Problem to work on: Working from the records below, repeat exactly the lines starting at the line that contains "Homemade Swing Rope" and ending at the line that contains "Gluten-Free Brown Butter", inclusive.

BEGIN Given entries

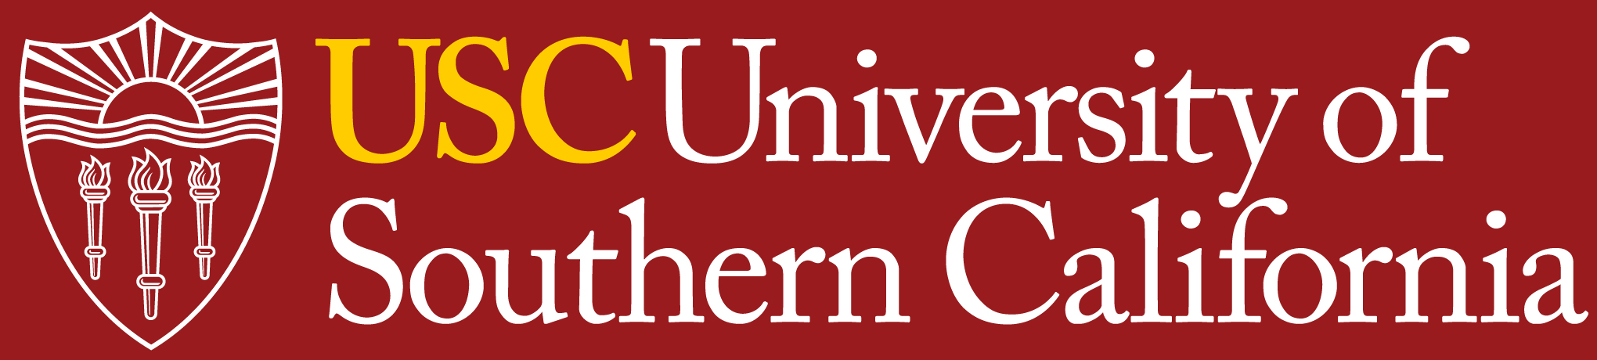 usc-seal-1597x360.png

END Given entries
BEGIN Given entries

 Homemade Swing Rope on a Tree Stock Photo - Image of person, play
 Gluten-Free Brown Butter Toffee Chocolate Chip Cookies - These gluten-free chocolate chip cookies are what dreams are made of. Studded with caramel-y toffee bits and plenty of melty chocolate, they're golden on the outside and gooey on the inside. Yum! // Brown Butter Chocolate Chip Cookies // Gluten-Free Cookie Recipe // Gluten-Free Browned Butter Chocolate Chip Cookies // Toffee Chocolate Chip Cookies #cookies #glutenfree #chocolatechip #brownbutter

END Given entries
BEGIN Given entries

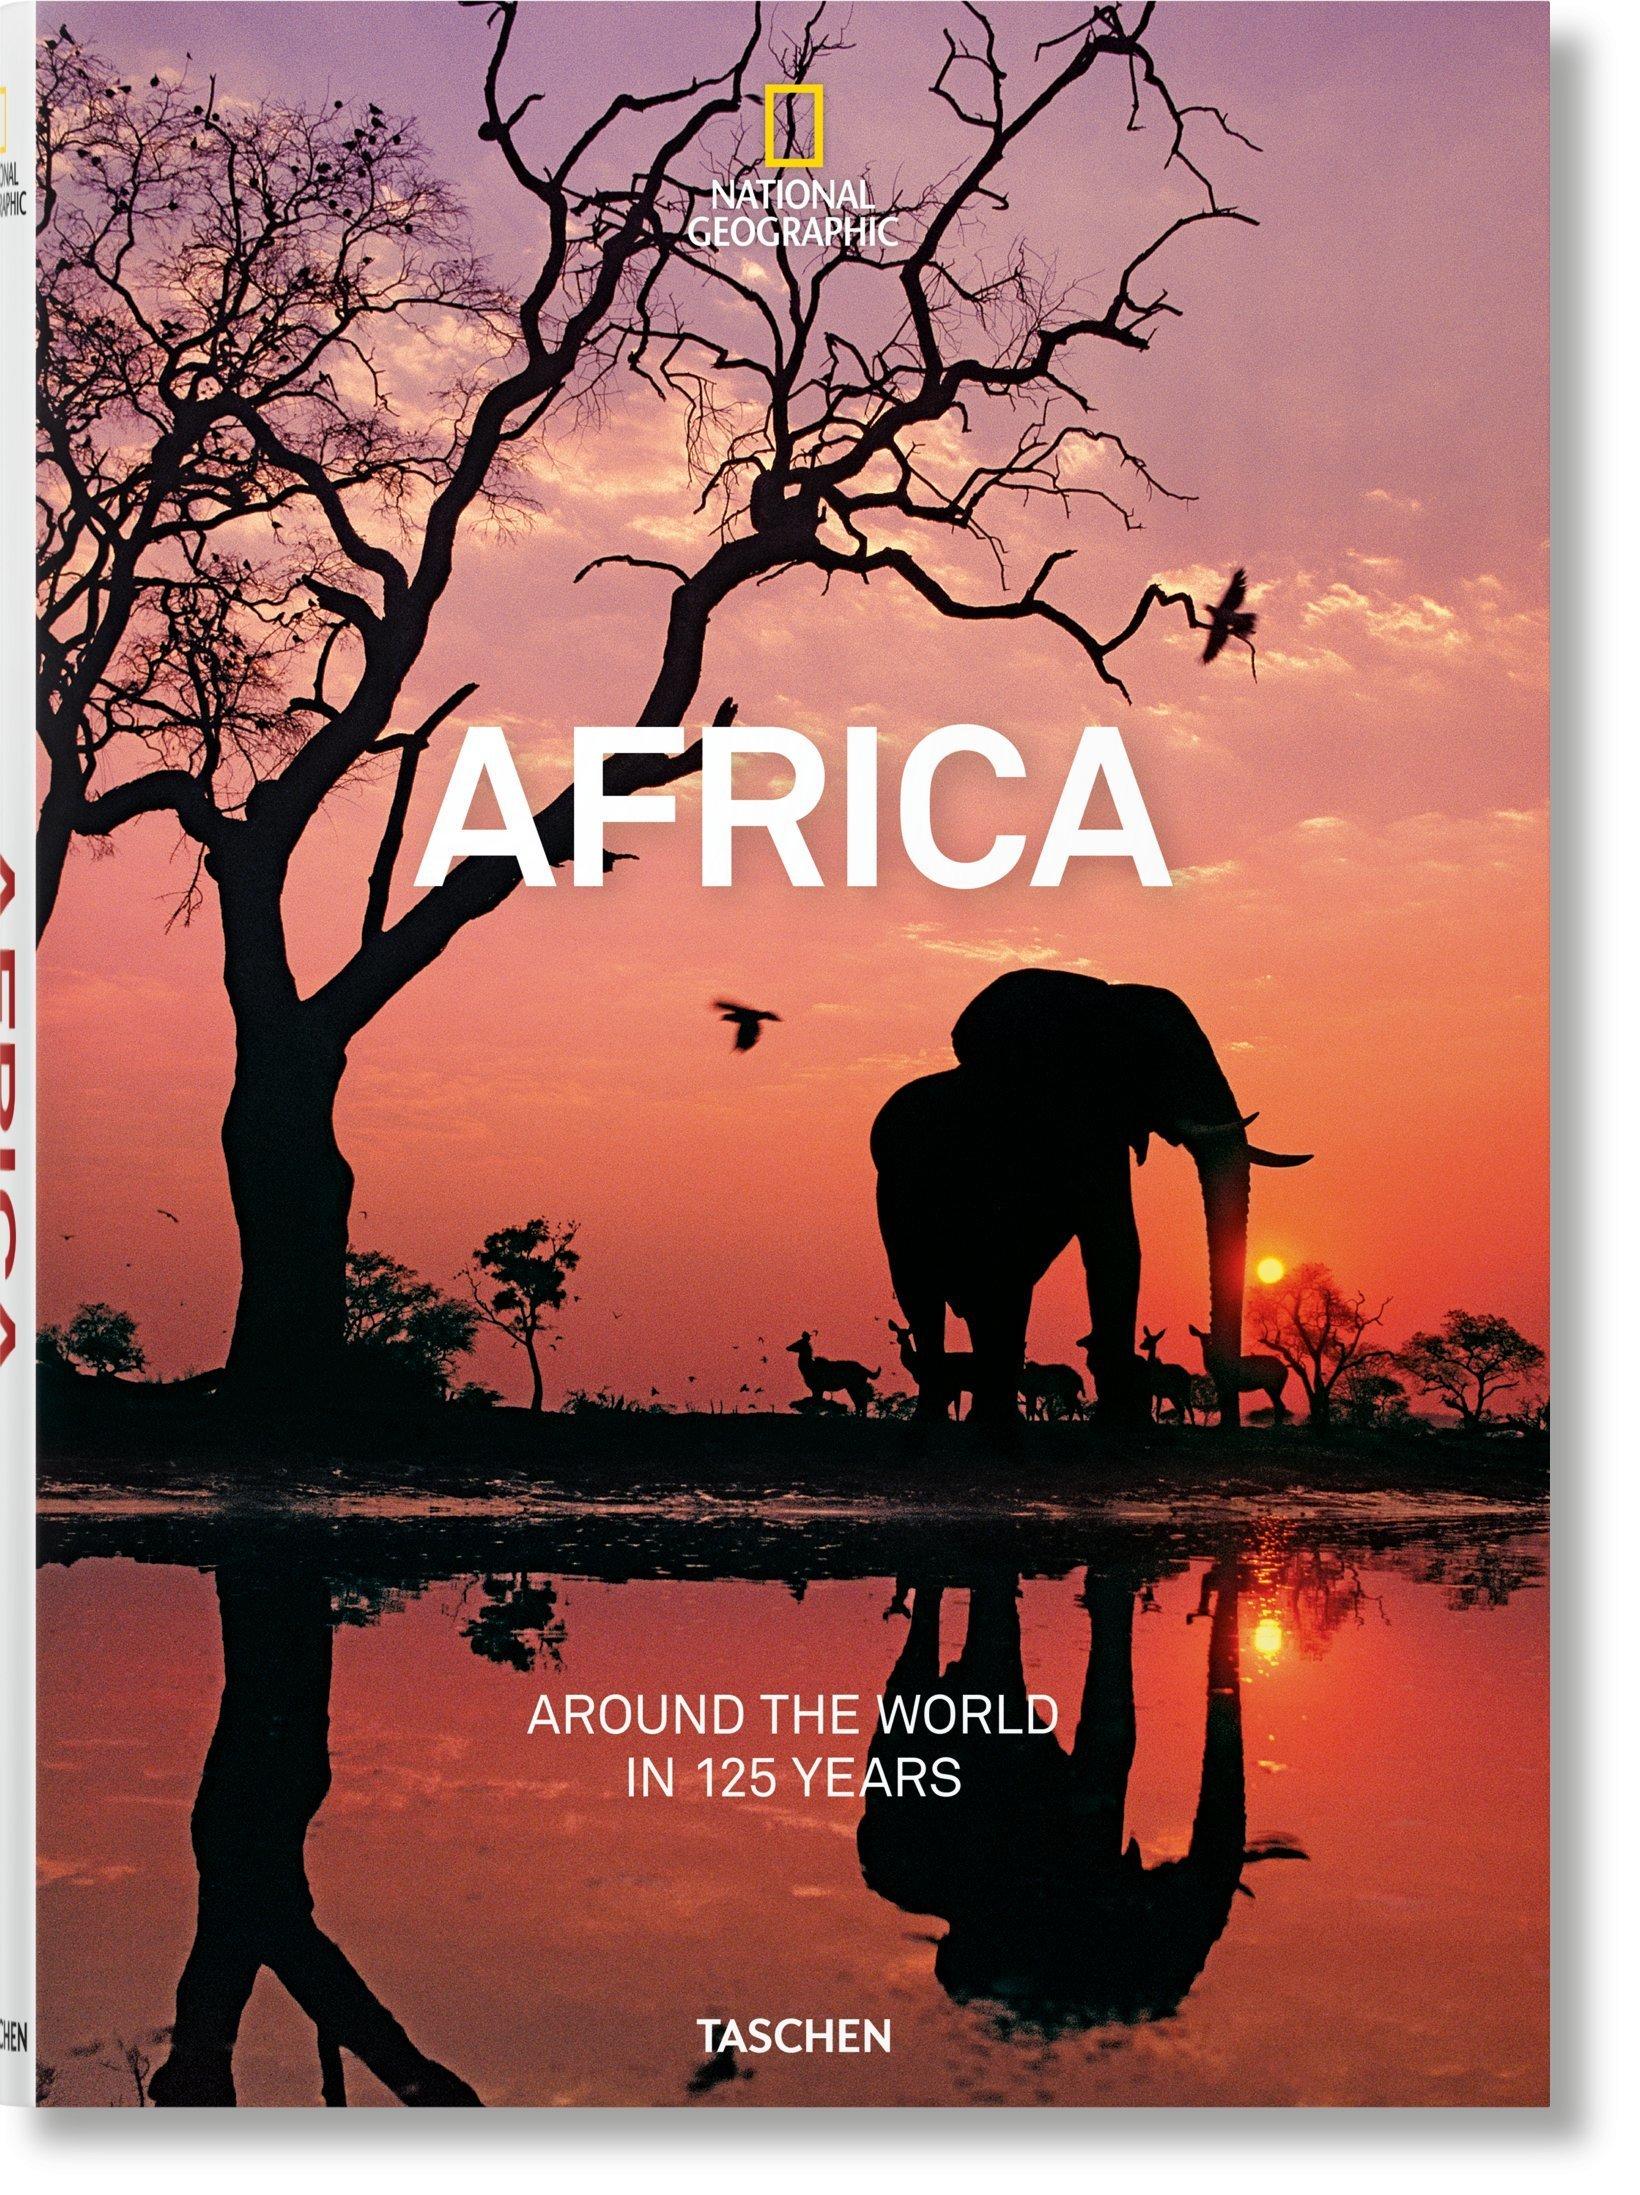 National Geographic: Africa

END Given entries

Exercise output:
 Homemade Swing Rope on a Tree Stock Photo - Image of person, play
 Gluten-Free Brown Butter Toffee Chocolate Chip Cookies - These gluten-free chocolate chip cookies are what dreams are made of. Studded with caramel-y toffee bits and plenty of melty chocolate, they're golden on the outside and gooey on the inside. Yum! // Brown Butter Chocolate Chip Cookies // Gluten-Free Cookie Recipe // Gluten-Free Browned Butter Chocolate Chip Cookies // Toffee Chocolate Chip Cookies #cookies #glutenfree #chocolatechip #brownbutter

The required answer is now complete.